I found Elisha William's sermon "The Essential Rights and Liberties of Protestants" noteworthy for representing the minister's preaching of Lockean thought on government and the rights of man - a key theme repeated either briefly or at further length in many other sermons. The key themes of the state of nature, the rights of property, government as a contract to defend the rights of the people, are explained in what almost constitutes direct quotations from Locke. The sermon then goes on to explain another key theme of the time - the separation of church and state. As repeated throughout these sermons, the combination of temporal and spiritual power in Christian history was viewed as a corruption of both, and Christianity and the rights of conscience are better protected when church and state are separated.

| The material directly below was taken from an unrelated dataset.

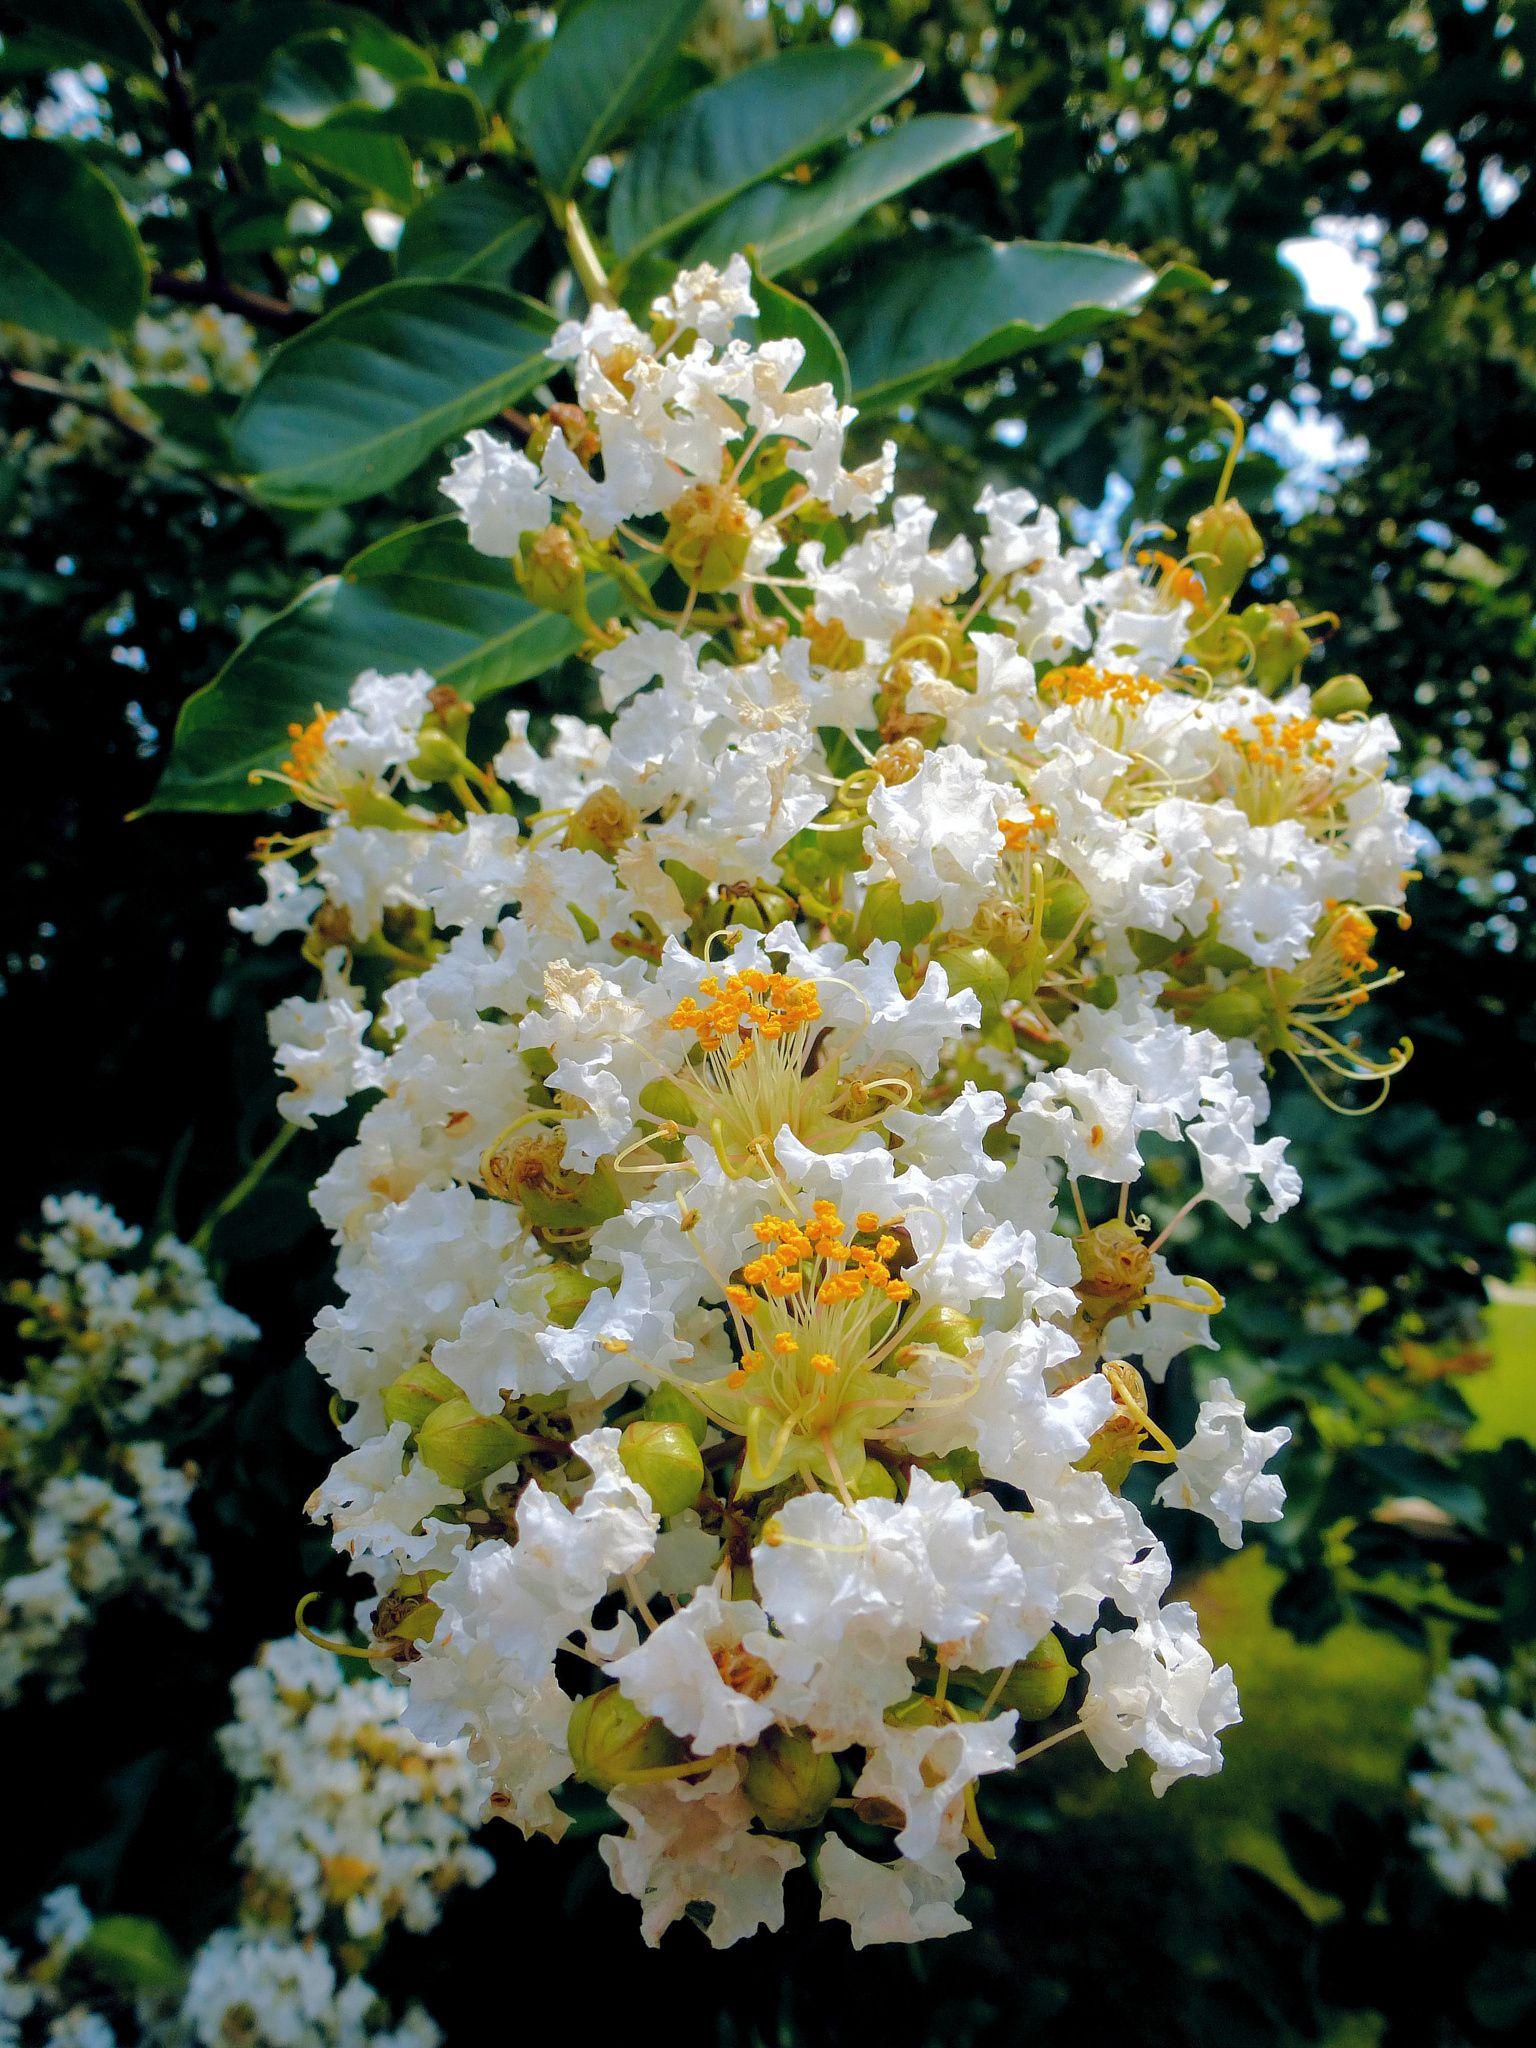 Crepe Myrtle White White Crepe Myrtle Blossoms Flowers

The sermons of the 176os and 1770s I find particularly interesting as they represent the religious response to the events of the American Revolution - as well as representing the role of the minister in encouraging and promoting the revolution itself. (I actually wish there had been more of a focused selection on the sermons of the 1770s here). It's interesting to see the progression from sermons reverencing the King to sermons speaking against Parliament but not the King to sermons speaking against both Parliament and the King. In one sermon, the minister goes so far in professing the loyalty of America to Great Britain as to say that "There never was an American Jacobite, the very air of America is death to such monsters, never any grew there, and if any are transported, or import themselves, loss of speech always attends them" (p. 296).

The protestations against British tyranny don't always read well considering the tyranny the Americans themselves held over African Americans. The heavy rhetoric of liberty against tyranny over some relatively minor tax increases ring sometimes hollow when coming from people who themselves held actual slaves. Jonathan Mayhew's comment in a sermon responding to the repeal of the Stamp Act was particularly irksome: that with this repeal, "even our slaves rejoice, as tho' they had received their manumission" (p. 251).

A couple of other sermons/pamphlets that stood out to me: Samuel Sherwood's "The Church's Flight into the Wilderness," which explains how the American Revolution fulfills Revelation chapter 12, and the 1782 "A Dialogue Between the Devil, and George III, Tyrant of Britain" (Anonymous, and not actually a sermon), a fun and satirical read. It was also interesting to read John Wesley's "A Calm Address to Our American Colonies," which defended the British Government's policies vis-à-vis America. As Sandoz notes, the reason Methodism in America was not more adversely affected by this pamphlet is likely because the copies that arrived were destroyed by American Methodists themselves.